Chamath Palihapitiya Raises $135M Series A for AI Coding Startup 8090, Takes CEO Role

Chamath Palihapitiya Raises $135M Series A for AI Coding Startup 8090, Takes CEO Role
Chamath Palihapitiya has closed a $135 million Series A for 8090, the AI coding startup he founded in January 2024, and has taken on the CEO role at the company, according to TechCrunch.
8090's thesis is blunt and structurally adversarial to the incumbent enterprise software stack: rebuild enterprise applications to roughly 80% feature completeness and deliver them at 90% lower cost than their legacy counterparts. The name itself encodes the value proposition. For most enterprise buyers, the long tail of features in a mature ERP or CRM system goes largely unused; 8090 is betting that a tighter, AI-native build can capture the functional core cheaply enough to make switching economics work in its favor, per Forbes.
The company is not running lean on the infrastructure side. 8090 is on pace to spend more than $10 million annually on AI costs alone, a figure reported by Business Insider in March 2026. At that burn rate, inference and model costs are a meaningful line item — not a rounding error — which puts real pressure on the unit economics of the 90%-cost-reduction claim as the product scales.
The Bet Against Bloat
The 80/90 framing is not new as a concept.
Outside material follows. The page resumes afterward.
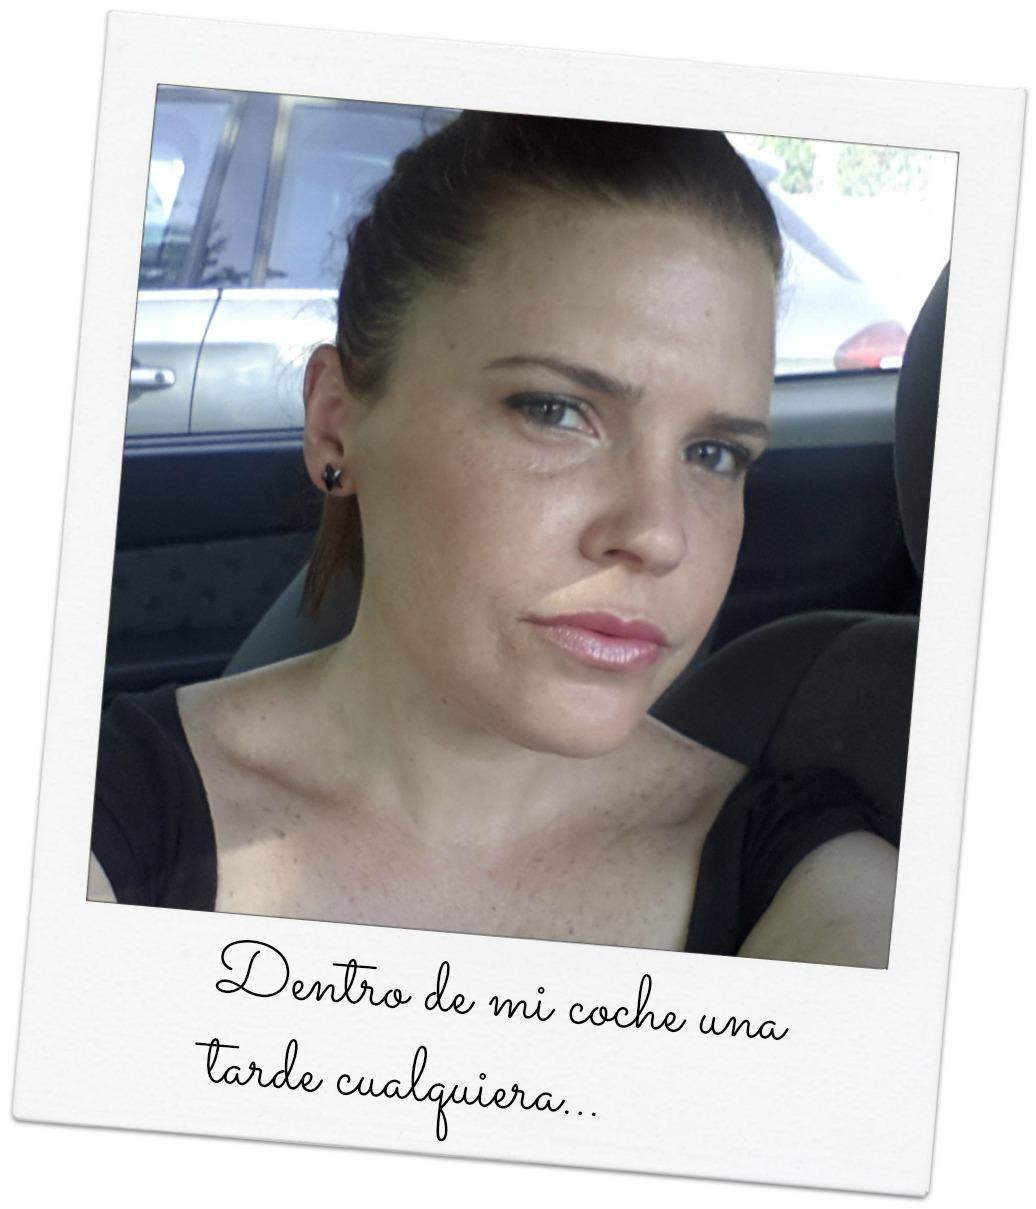 foto con el maquillaje de heliocare

Enterprise software vendors have faced "good enough" challengers for decades — the pattern runs from Salesforce undercutting Siebel on deployment complexity to a generation of vertical SaaS players carving out niches from SAP and Oracle. What is different now is the mechanism. AI-assisted code generation compresses the time and headcount required to reach feature parity on the functional core of an application. A startup that might have needed five years and 200 engineers to build a credible accounts payable module can, in principle, do it faster and with a fraction of the team.
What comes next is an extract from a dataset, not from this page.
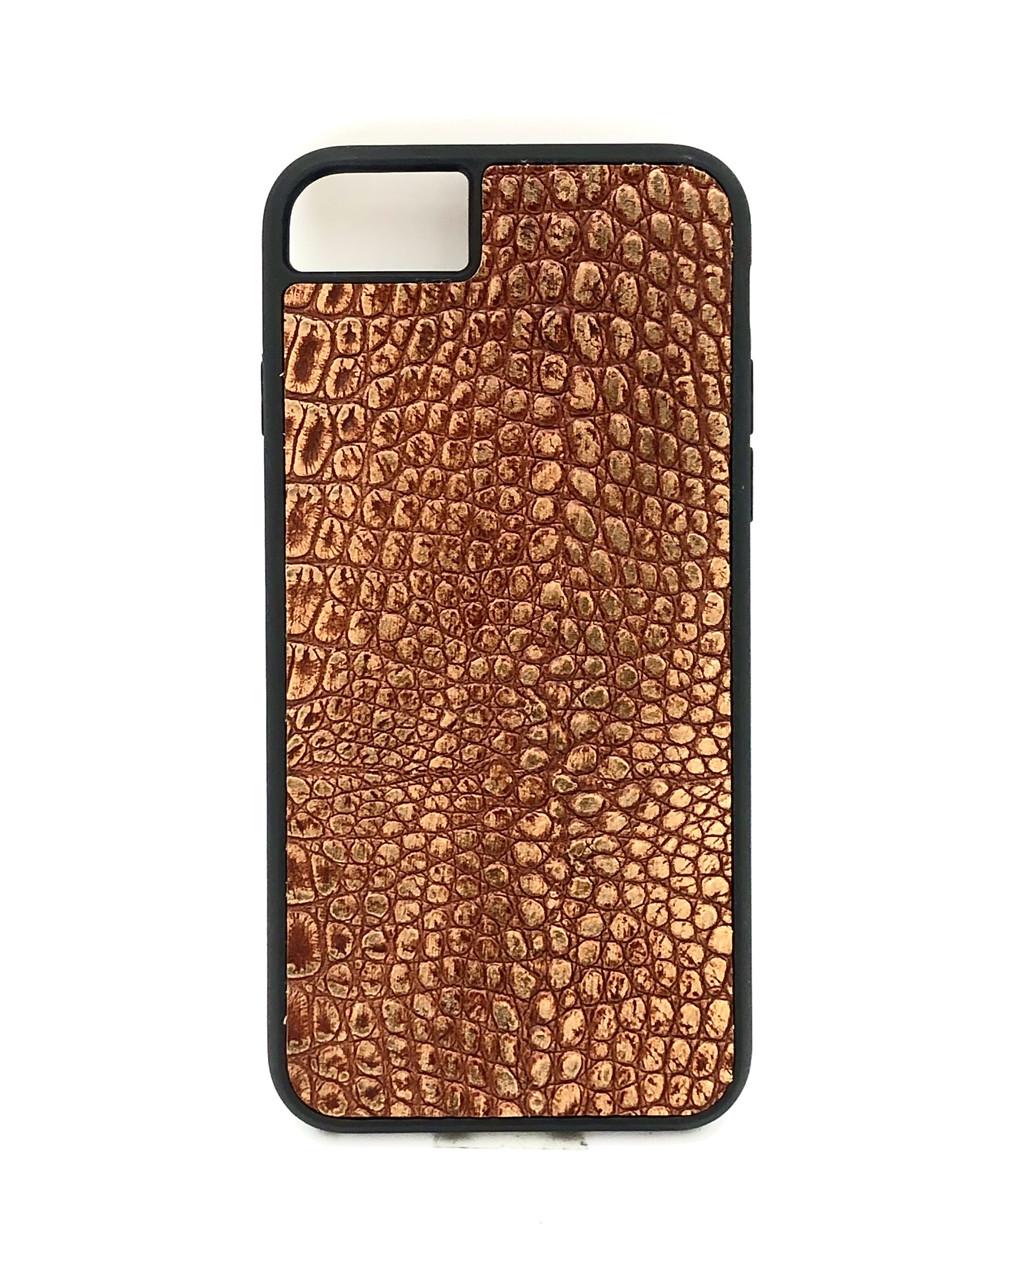 Чехол для iPhone 7/8 коньячного цвета из Телячьей кожи тиснёной под Крокодила

Palihapitiya is stepping into the CEO seat himself rather than installing an operating executive, which is notable given his primary public identity as a venture capitalist and co-founder of Social Capital. The move signals a personal conviction bet, not a portfolio holding managed at arm's length.
The $135 million Series A is a substantial opening round for an enterprise software play, and it lands at a moment when AI coding tooling has attracted intense capital — from Anysphere's Cursor to GitHub Copilot to a roster of newer agent-based entrants. 8090's differentiation, at least as stated, is not the coding tool itself but the finished enterprise application: the company is trying to sell outcomes to procurement teams, not capabilities to individual developers.
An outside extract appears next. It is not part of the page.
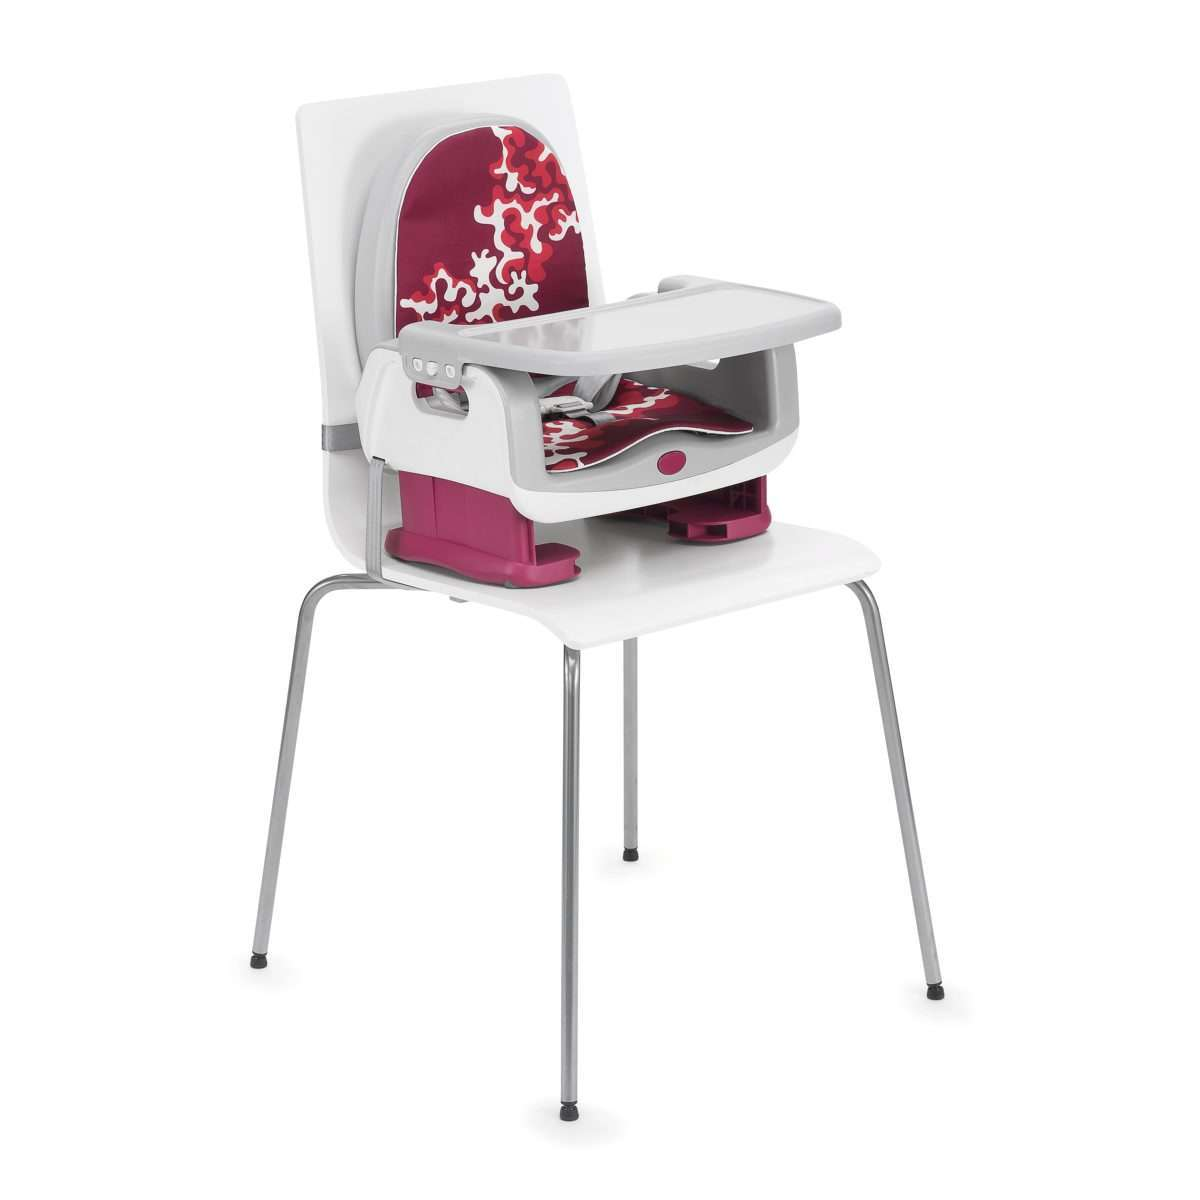 Rialzo sedia chicco upto5 pappa - Seggiolini da tavolo prezzi ...

Worth flagging: the 80% feature completeness figure is self-reported and, as yet, untested against the procurement reality of large enterprises. In regulated industries — financial services, healthcare, government — the "missing" 20% frequently contains exactly the compliance, audit trail, and integration surface area that makes a system viable. Whether 8090's feature calculus holds up under enterprise security reviews and procurement due diligence is an open question that the Series A will help — but not guarantee — answer.
The $10 million-plus annual AI cost figure also deserves scrutiny as a leading indicator. If inference costs continue on their current deflationary trajectory — driven by model efficiency improvements and competitive pressure among cloud providers — that number could shrink as a percentage of revenue over time. If 8090's architecture is tightly coupled to today's model pricing, however, the unit economics improve automatically as the market moves. That is a meaningful structural tailwind, assuming the product ships at scale.
Palihapitiya has spent years arguing, publicly and loudly, that most enterprise software is over-engineered and over-priced. With 8090, he is now running the operational test of that argument himself, with nine-figure capital behind it and his name on the door.